MAINZ, Germany — German police raided 18 properties and arrested three people Tuesday in connection with last year’s brazen jewelry heist at a museum housing one of Europe’s most important collections of royal treasures, officials said.

Police searched apartments, garages and vehicles, mainly in the Neukoelln district of Berlin, for the stolen treasures and other evidence, including media storage devices, clothing and tools.

More than 1,600 officers were involved in the morning raids, police said.

Last November’s heist was caught on security camera footage, which showed two men using an ax to break into world-renowned Dresden’s Grünes Gewölbe museum, or the Green Vault. The men escaped with more than a dozen pieces of 18th century jewelry, authorities said.

It’s not clear if the two men in the surveillance video were among those arrested Tuesday.

Dresden police spokesman Thomas Geithner told NBC News the three suspects arrested are German citizens and are associated with a Berlin family-linked gang.

Geithner could not confirm if any of the stolen items have been recovered.

German media reported in the aftermath of the heist that the stolen jewels were worth up to 1 billion euros ($1.2 billion), but the museum said the items taken were “priceless.”

The jewels were part of a museum collection founded in the 18th century by August the Strong, a Saxon ruler who later served as the king of Poland.
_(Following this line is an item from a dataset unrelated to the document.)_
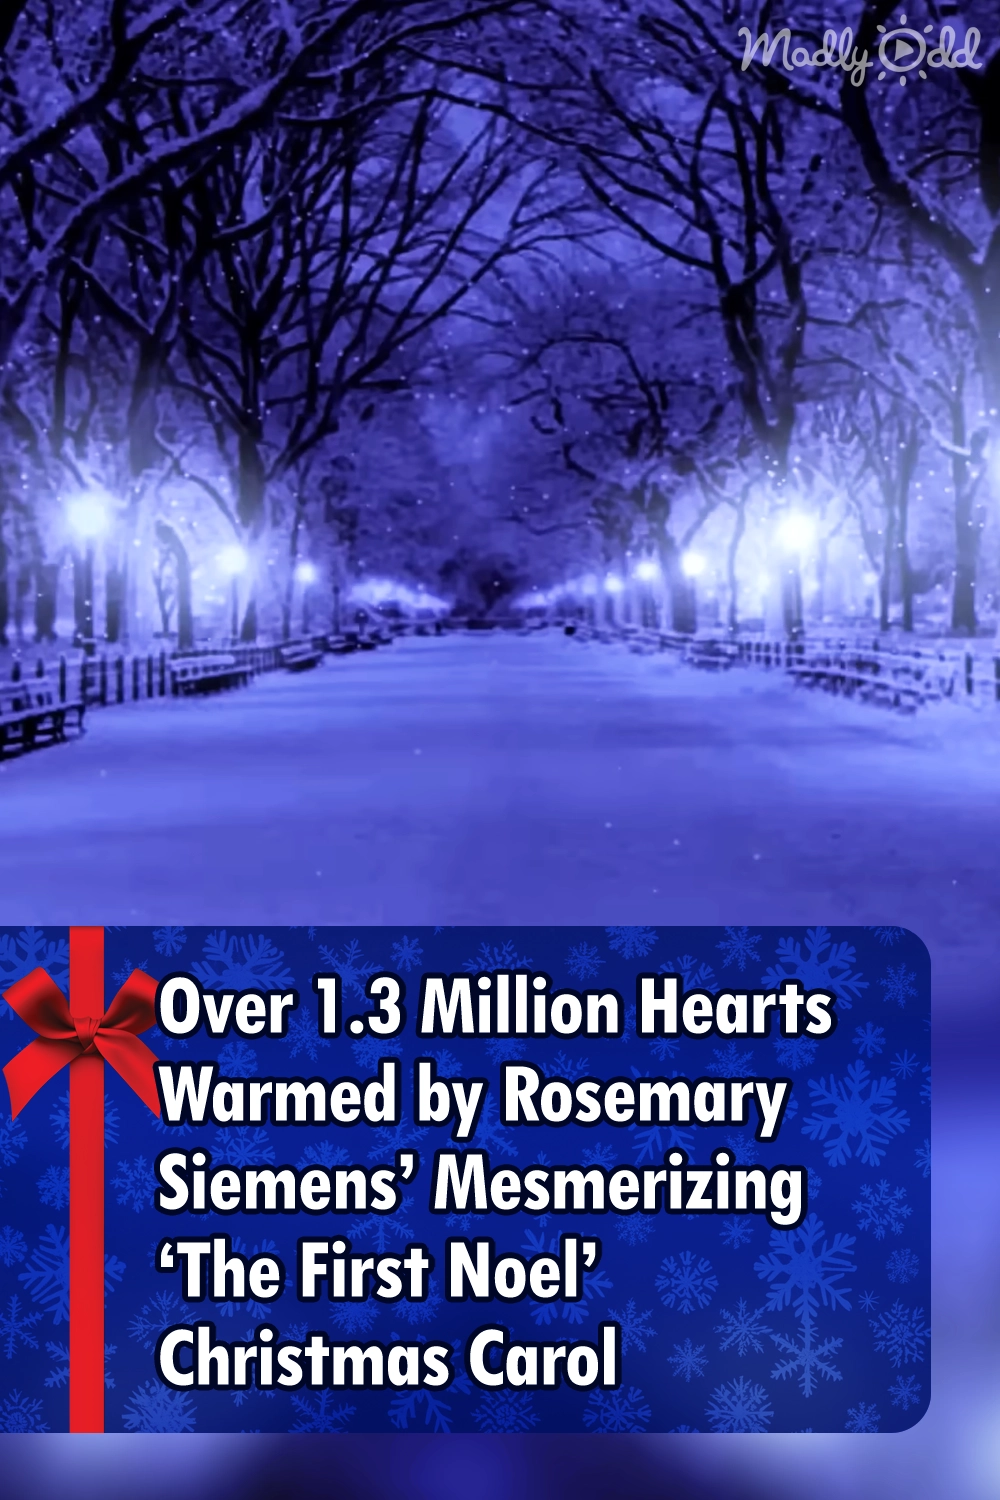 Over 1.3 Million Hearts Warmed by Rosemary Siemens’ Mesmerizing ‘The First Noel’ Christmas Carol

One of the museum’s most famous pieces, the 41-carat “Green Diamond,” was on loan to New York’s Metropolitan Museum of Art at the time of the heist.

After the burglary, Saxony’s interior minister, Roland Woeller, told reporters that the cultural loss was “inestimable,” and art experts raised concerns that the jewels could disappear forever if the pieces were broken up and their gemstones removed for sale.

The treasures of the Green Vault survived Allied bombing raids in World War II, only to be carted off as war booty by the Soviet Union. They were returned to Dresden, the historic capital of the state of Saxony, in 1958.